Dr. Harris significantly contributed to the discovery that mutation of the p53 tumor suppressor gene is the most common genetic lesion in human cancers. The characterization of mutational spectra of the p53 gene in human tumors provides unique and critical molecular links between environmental carcinogens and specific human cancers. Dietary exposure to the mycotoxin aflatoxin B1 is positively correlated with a specific codon 249 mutation in hepatocellular carcinoma, and a dose-response relationship exists between tobacco smoking and G to T transversions in lung cancer. Additionally, the p53 mutation spectra in lung cancer associated with environmental radon differs from that observed in tobacco smoke-induced lung cancer. Drs. Harris and Monica Hollstein established the p53 mutation database in 1990 that has grown to be the world's largest mutation database with more than 15,000 entries of tumors with p53 mutations.
Third Annual AACR Team Science Award
St. Jude Children's Research Hospital Acute Lymphoblastic Leukemia (ALL) Team
Dario Campana, M.D., Ph.D.; Cheng Cheng, Ph.D.; James R. Downing, M.D.; William E. Evans, Pharm.D.; Melissa M. Hudson, M.D.; Sima Jeha, M.D.; Charles Mullighan, MBBS (Hons), MSc, M.D.; Ching-Hon Pui, M.D.; Susana C. Raimondi, Ph.D., Mary V. Relling, Pharm.D.; Raul C. Ribeiro, M.D.
The AACR Team Science Award has been established by the American Association for Cancer Research and Eli Lilly and Company to acknowledge and catalyze the growing importance of interdisciplinary teams to the understanding of cancer and/or the translation of research discoveries into clinical cancer applications. In addition, through the presentation of this Award, the AACR and Eli Lilly seek to effect change within the traditional cancer research culture by recognizing those institutions that value and foster interdisciplinary team science. These institutions will have demonstrated their support of a team science environment by creating mechanisms to enhance the required infrastructure, such as through pilot funding, technology transfer offices, shared resources, etc., and by presenting awards, honors, appointments, and promotions to those who participate in interdisciplinary teams.

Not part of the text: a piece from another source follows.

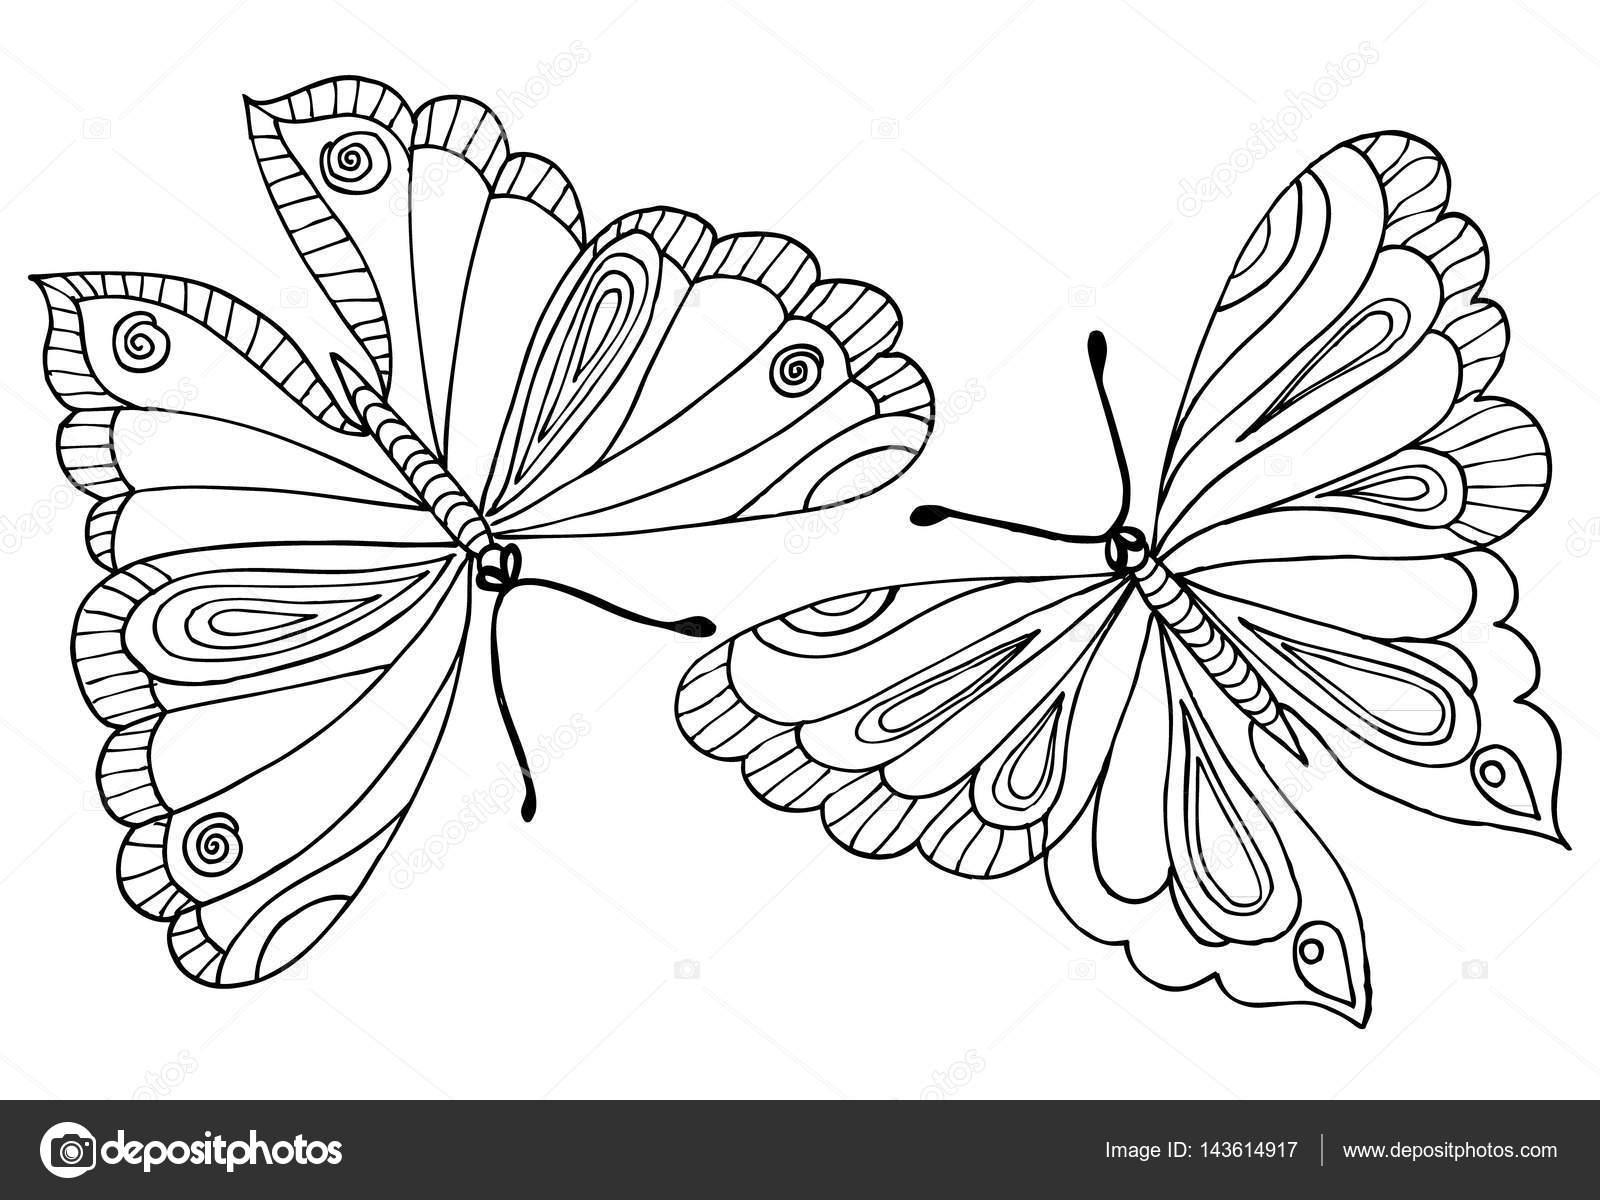 Kelebek Boyama Kitabı Için çizim Vektör Stok Vektör Emila1604

The AACR Team Science Award will recognize an outstanding interdisciplinary research team for its innovative and meritorious science that has advanced or likely will advance our fundamental knowledge of cancer or a team that has applied existing knowledge to advance the detection, diagnosis, prevention, or treatment of cancer.

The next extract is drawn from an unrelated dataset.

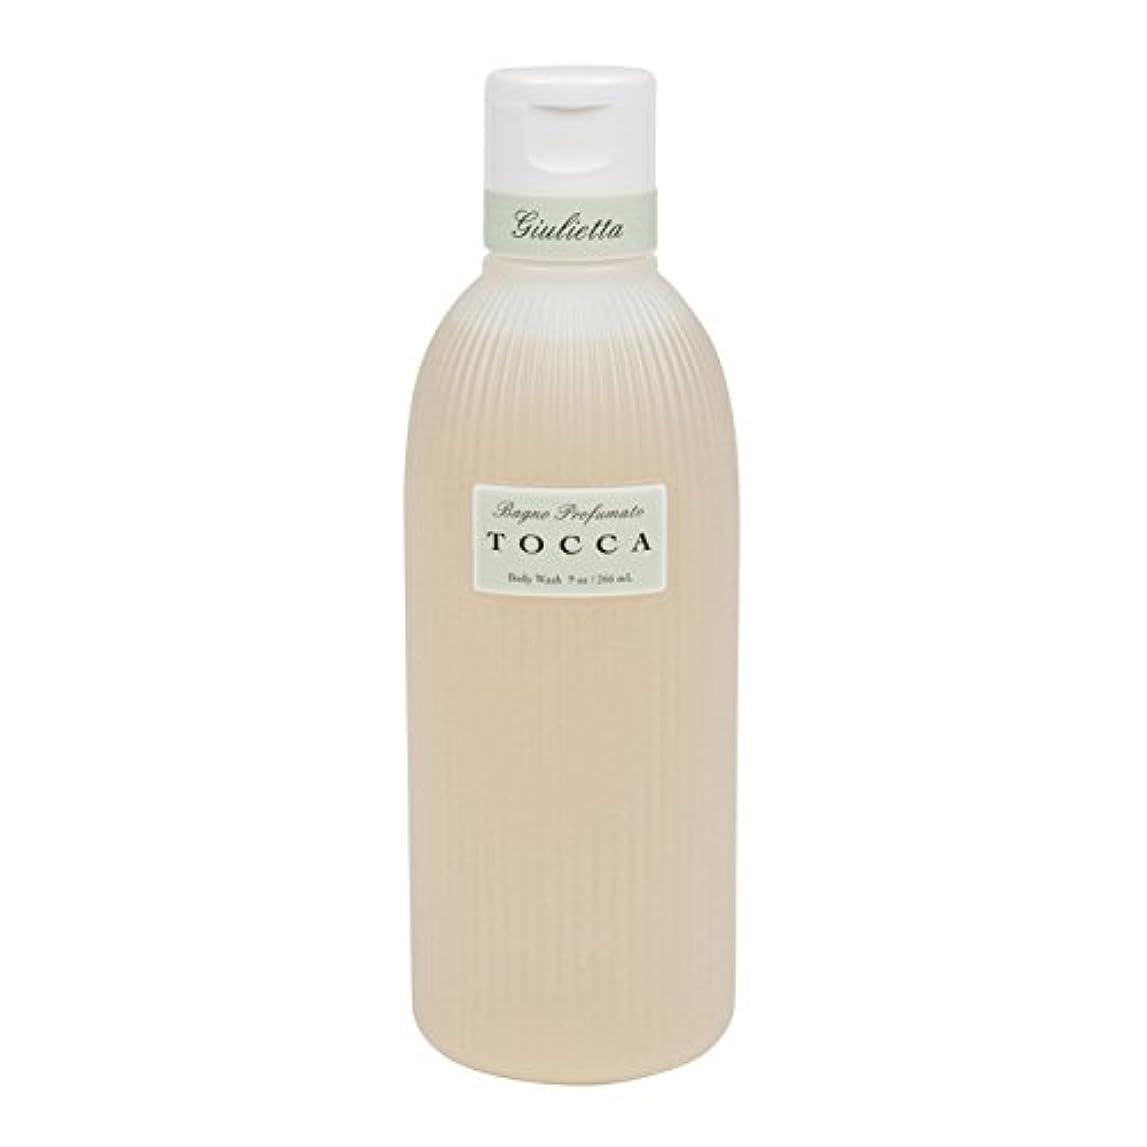 反論者びんあらゆる種類のトッカ(TOCCA) ボディーケアウォッシュ ジュリエッタの香り  266ml(全身用洗浄料 ボディーソープ ピンクチューリップとグリーンアップルの爽やかで甘い香り)

The St. Jude Children's Research Hospital Acute Lymphoblastic Leukemia (ALL) Team has built on the legacy of ALL research at St. Jude, capitalizing on the unparalleled commitment of institutional resources to enhance and advance NIH-funded research. Although important contributions have been made by many ALL study groups around the world, this multidisciplinary team of investigators has sustained a vast scope of integrated basic and clinical science, achieved an exemplary level of innovative translational research, and produced an extraordinary number of high-impact publications. Through the integration of biologic, genomic, and pharmacologic discoveries into comprehensive clinical protocols, the team has markedly improved cure rates of children with ALL, while making a series of seminal laboratory discoveries that unravel mechanisms of leukemogenesis and drug resistance, and identify novel therapeutic targets.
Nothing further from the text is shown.